Bernard Orsman

Bernard Orsman is Super City reporter for the NZ Herald.

Tip Top deal leaves icecream makers cold

Tommy Holden (left) and James Crow fear losing summer business if Fonterra gets rights to sell its Tip Top icecream at public events and council-owned premises. Photo / Dean Purcell
Tommy Holden (left) and James Crow fear losing summer business if Fonterra gets rights to sell its Tip Top icecream at public events and council-owned premises. Photo / Dean Purcell

Icecream makers are worried by revelations that the Auckland Council is negotiating a 10-year deal to give Tip Top selling rights at public pools, parks, the waterfront and events.

Rival firms fear being shut out of places like Auckland Domain and the waterfront where icecream sales do a roaring trade in summer.

"Tip Top are going to cream it and take out the opposition in Auckland," said one competitor.

New Zealanders are among the biggest eaters of icecream in the world, getting through an average of 22 litres each every year.

Brett O'Riley, who heads the council's economic arm, says there are no plans to give Fonterra "blanket exclusivity" to sell its Tip Top icecream.

He said artisan producers would still be able to sell their icecream at council locations and events.

Commercial discussions were taking place with other icecream makers, he said, but would not name names.

Fonterra brands manager Peter McClure said this week the company was close to reaching a commercial deal to "give us selling rights for 10 years" for Tip Top icecream.

James Crow and Tommy Holden, who set up their Nice Blocks brand in 2010, said council events were great incubators for small businesses.
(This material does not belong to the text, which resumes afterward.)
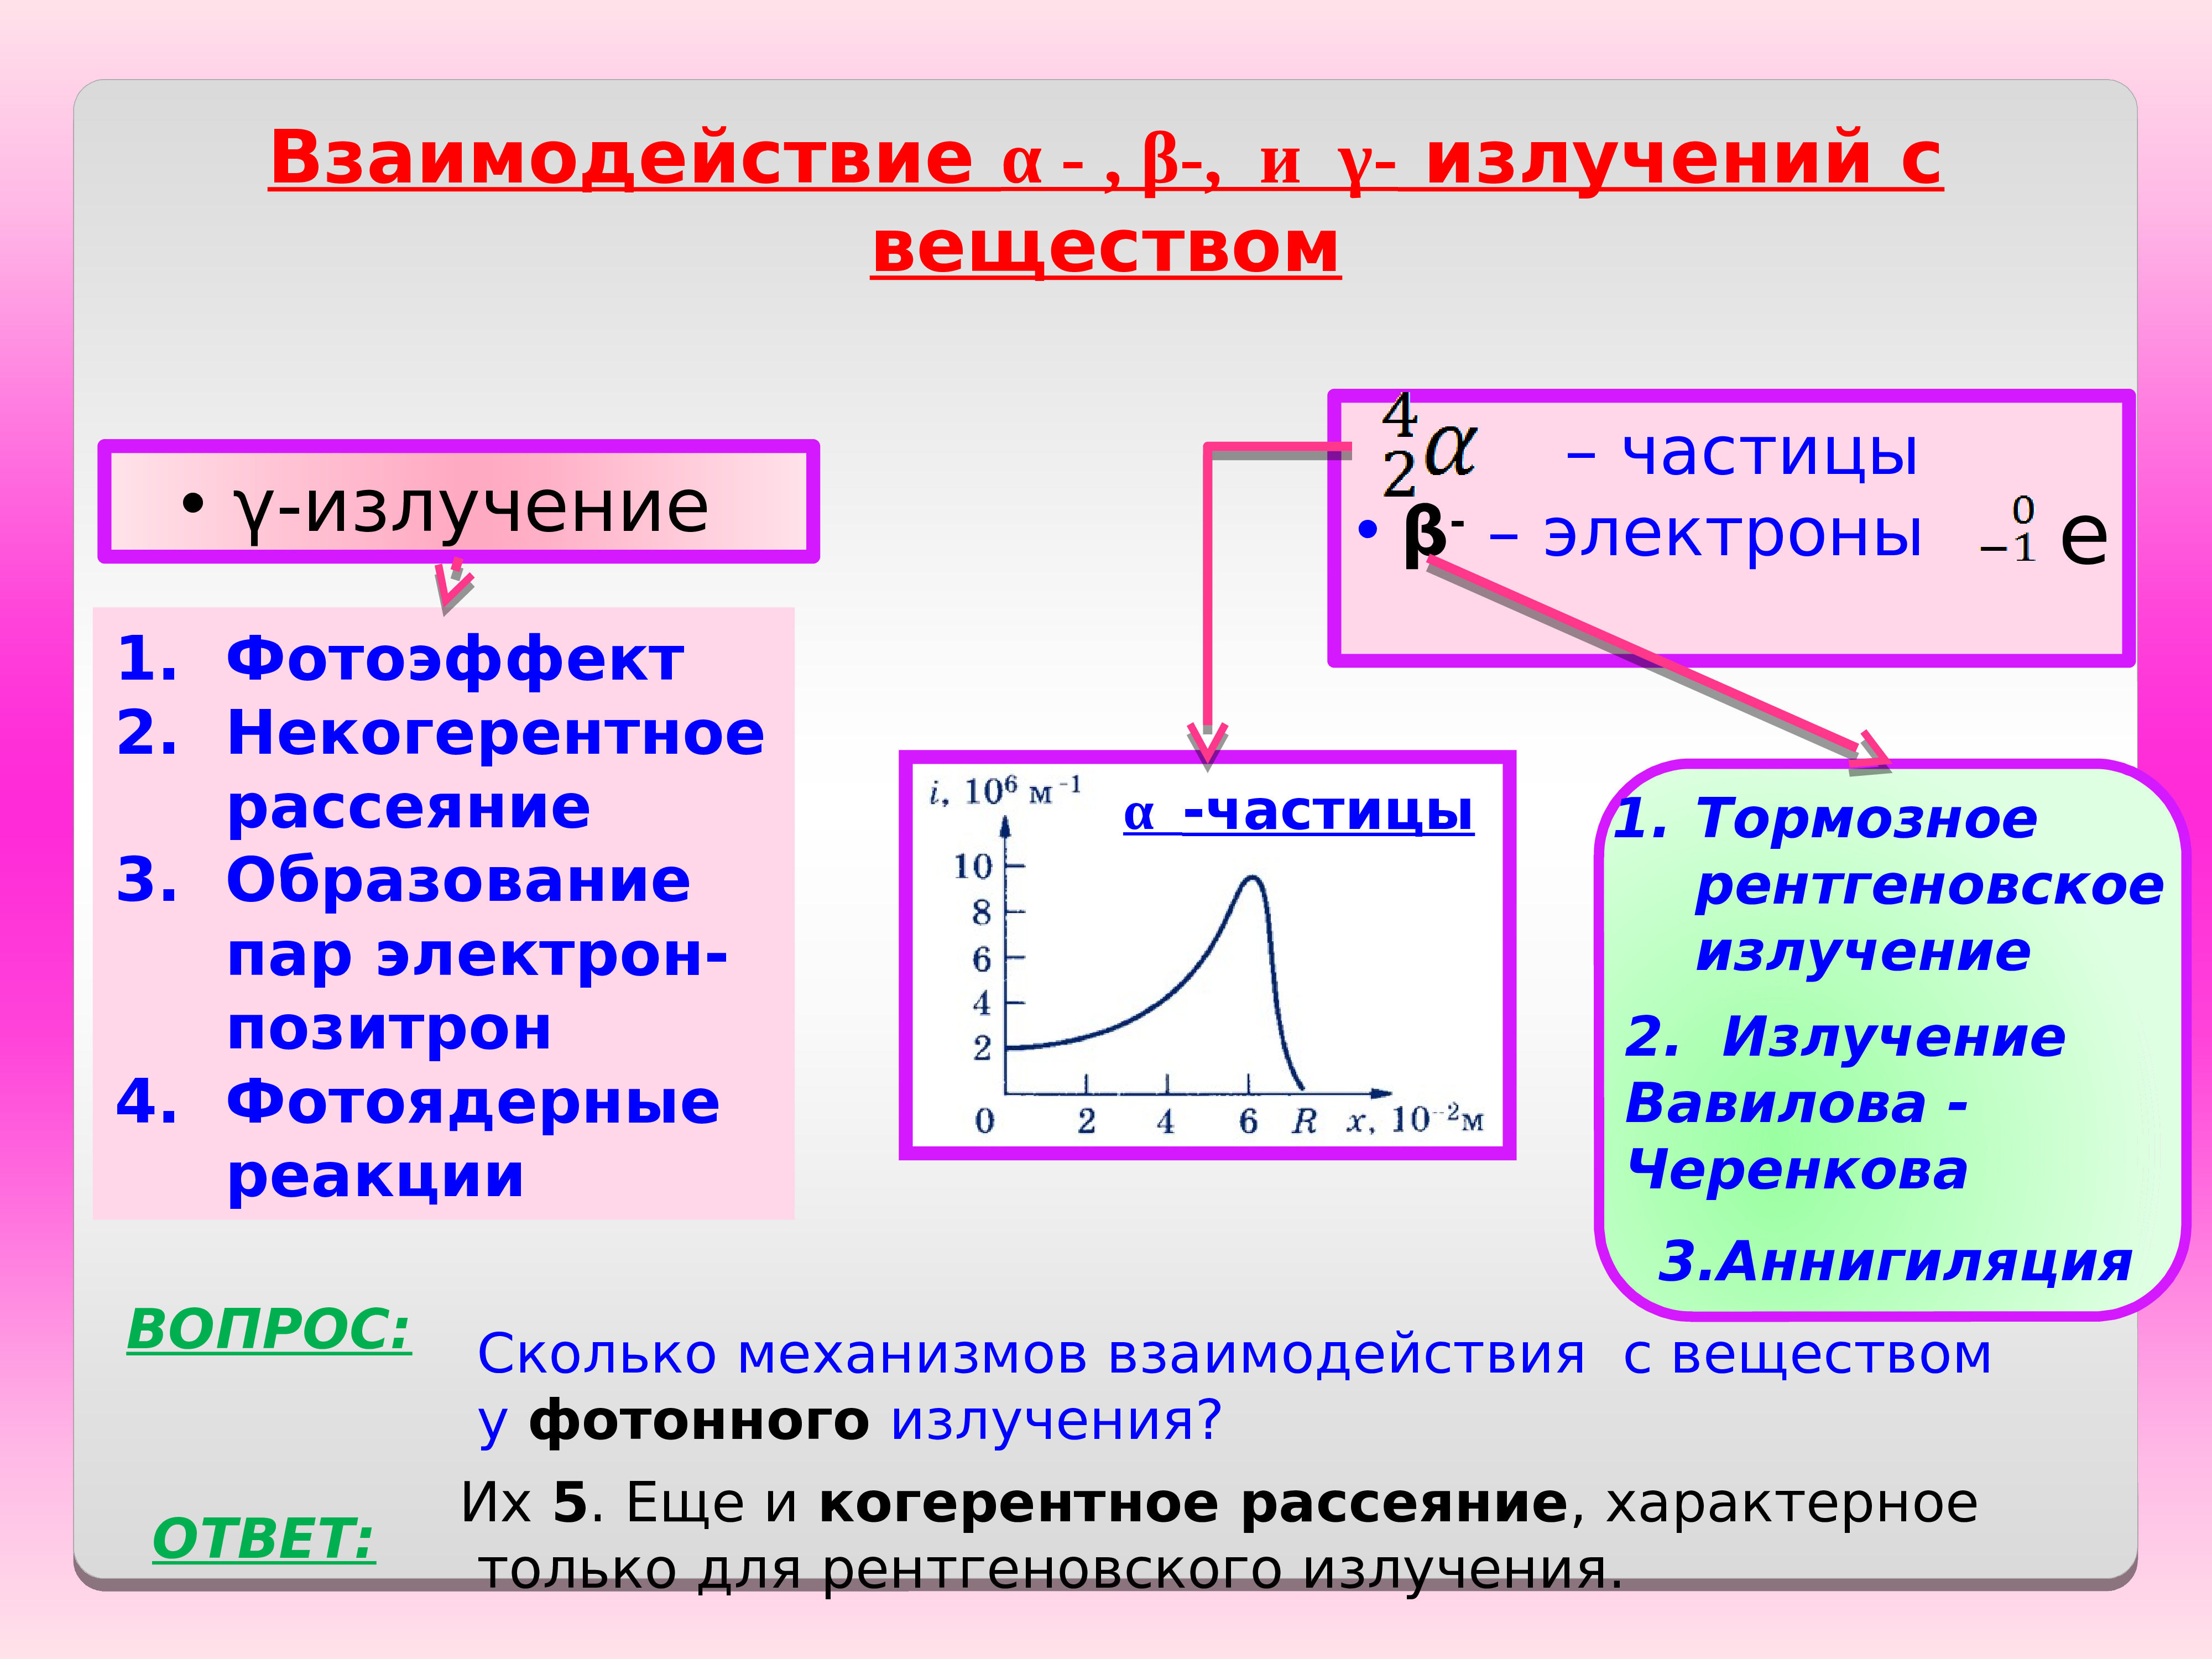 Взаимодействие с альфа частицами. Схема взаимодействия гамма-излучения с веществом. Показатели взаимодействия ионизирующего излучения с веществом. Процесс взаимодействия излучения с веществом. Взаимодействие проникающих излучений с веществом.

They started selling iceblocks at the Big Gay Out.

After making $3,500 in the summer of 2010 their turnover has grown to $750,000 this year.

"This is just a big business deal done with our council stepping on the throats of small businesses trying to succeed in Auckland," Mr Holden said.

Chris Dorn, the New Zealand general manager of Mr Whippy, said a 10-year deal sounded scary. He said council parks and sports fields accounted for a big part of business for the 11 Mr Whippy vans in Auckland.

Mr O'Riley said the Fonterra deal would create more value for ratepayers, but not at the expense of artisan and small producers, whom Ateed was committed to.